Producer Rob Bridgett discusses how sound quality in video games has improved over the years, and offers his thoughts on what the future may hold.
As little as five years ago, when pondering the future video game audio landscape, I don’t think anyone could have predicted the extent to which there would be such a huge schism in how we think of ‘video games’.
Ten years ago, most of us would have predicted a steady increase in visual and aural fidelity as games inevitably crept towards a future ‘cinematic’ model, foregrounding photorealism and narrative immersion. To some extent, this is still happening. However, things have changed dramatically, and quickly, on two fronts.
Firstly, the unstoppable rise of Indie developers – studios like Playdead, which have challenged what audiences think of as ‘game experiences’ by going back to the drawing board from both the design and artistic perspective. Their game, Limbo, a black and white platformer with no dialogue, stood out primarily for these reasons, but underneath lay no less of a polished player experience. Similarly, from a technology view-point, Limbo could have been realised on a PlayStation 2, but was one of the biggest critical successes of the PS3/Xbox360 console cycle. In doing so, Playdead created something completely against the grain of the firmly established first-person shooters and third-person open world triple-A games.
In addition to this, the introduction of, and subsequent ubiquity of, tablet and mobile phone technology as a gaming platform, not only pushed a massive reset button on the whole game design philosophy of ‘bigger, longer, more’ experiences, but has provided a publishing model free of publisher intervention, opening up any potential game or app developer who can code up their idea to put it in an App store and reach an audience.
These two disruptive shifts have also had a significant effect on the way games are conceived, developed and, of course, how audio is integrated.
So where are we now?
When we look around at video game culture right now, what is apparent is that the bigger triple-A productions, and the big teams who make them, are still around and are still pushing the envelope ever further to produce some fantastically rich, and ever-more cinematic, experiences.
Naughty Dog’s output is nothing short of incredible in this regard and the GTA franchise, rather than going stale and seeing critical (or sales) declines, continues to go from strength to strength.
Ubisoft is similarly invested in developing huge franchises like Assassin’s Creed, Far Cry and Watch Dogs and there is still a healthy and lucrative ambition to move into and dominate this space.

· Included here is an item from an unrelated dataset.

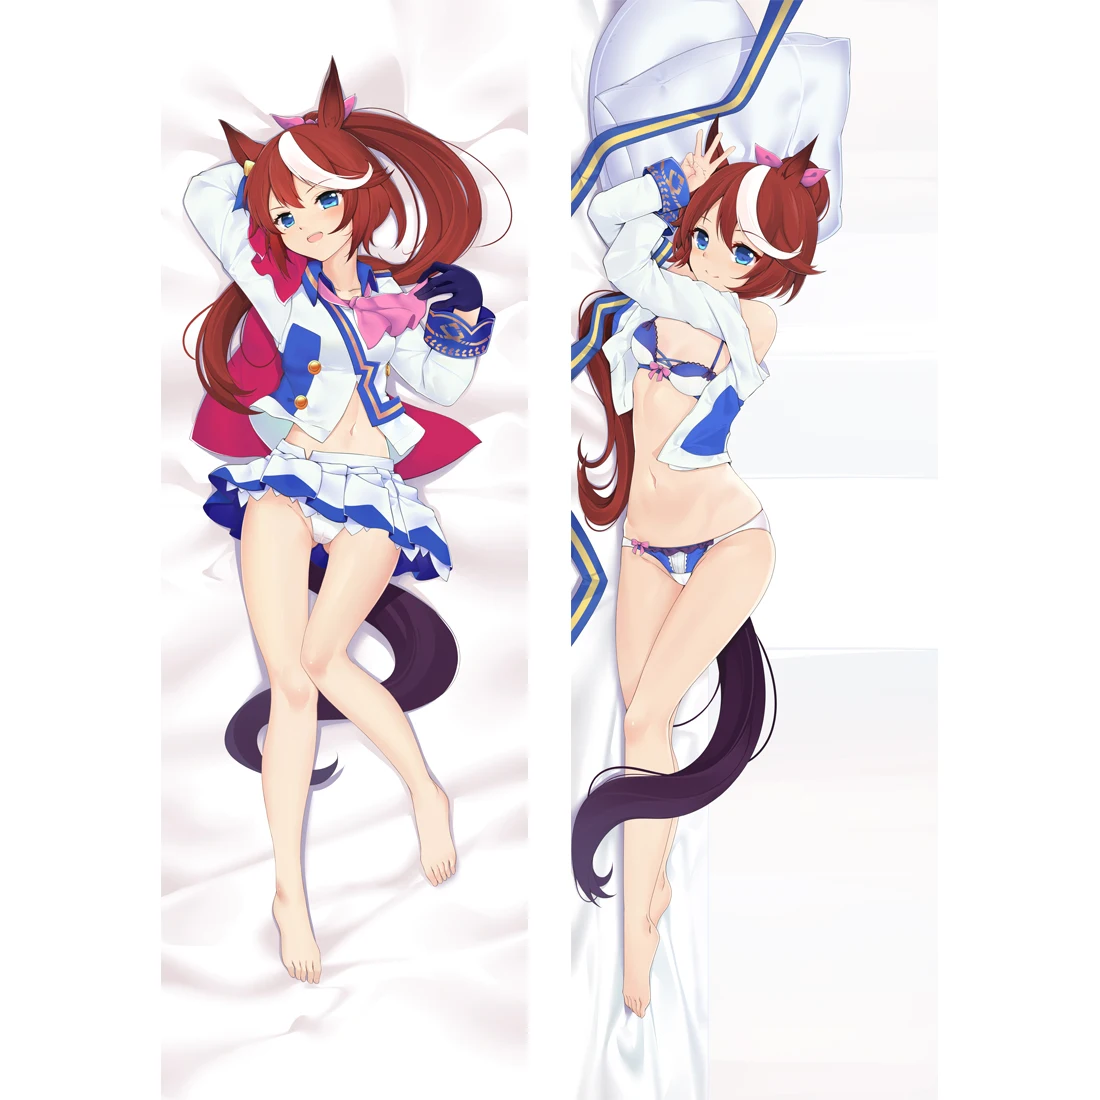 

Mxdfafa New Anime Dakimakura Case Pretty Derby Pillow Cover Pillow Covers 3D Double-sided Hugging Body Pillowcase

On the other hand, we see incredibly innovative and successful games being created by tiny teams like Simogo (Year Walk, Device 6, Sailor’s Dream) and UsTwo (Monument Valley) – rich, polished and gorgeous experiences that are every bit as immersive as those that would pursue a cinematic narrative model.
The Middle / Third Space
Of course, this isn’t just a simple case of David vs Goliath. There has also emerged a thriving and innovation-driven middle-ground, the likes of developers such as Double Fine, Media Molecule (Tearaway), E-line Media (Never Alone), Minority (Papo & Yo) and even Playdead (Limbo/Inside) are occupying a ‘third space’ in between the small, innovative risk-taking mobile-focused Indie teams and the giant triple-A console behemoths. These ‘third space’ developers tend to leverage medium-sized teams to work on innovative game experiences across mobile and console platforms – usually relying on a downloadable distribution model rather than a boxed product on shelves.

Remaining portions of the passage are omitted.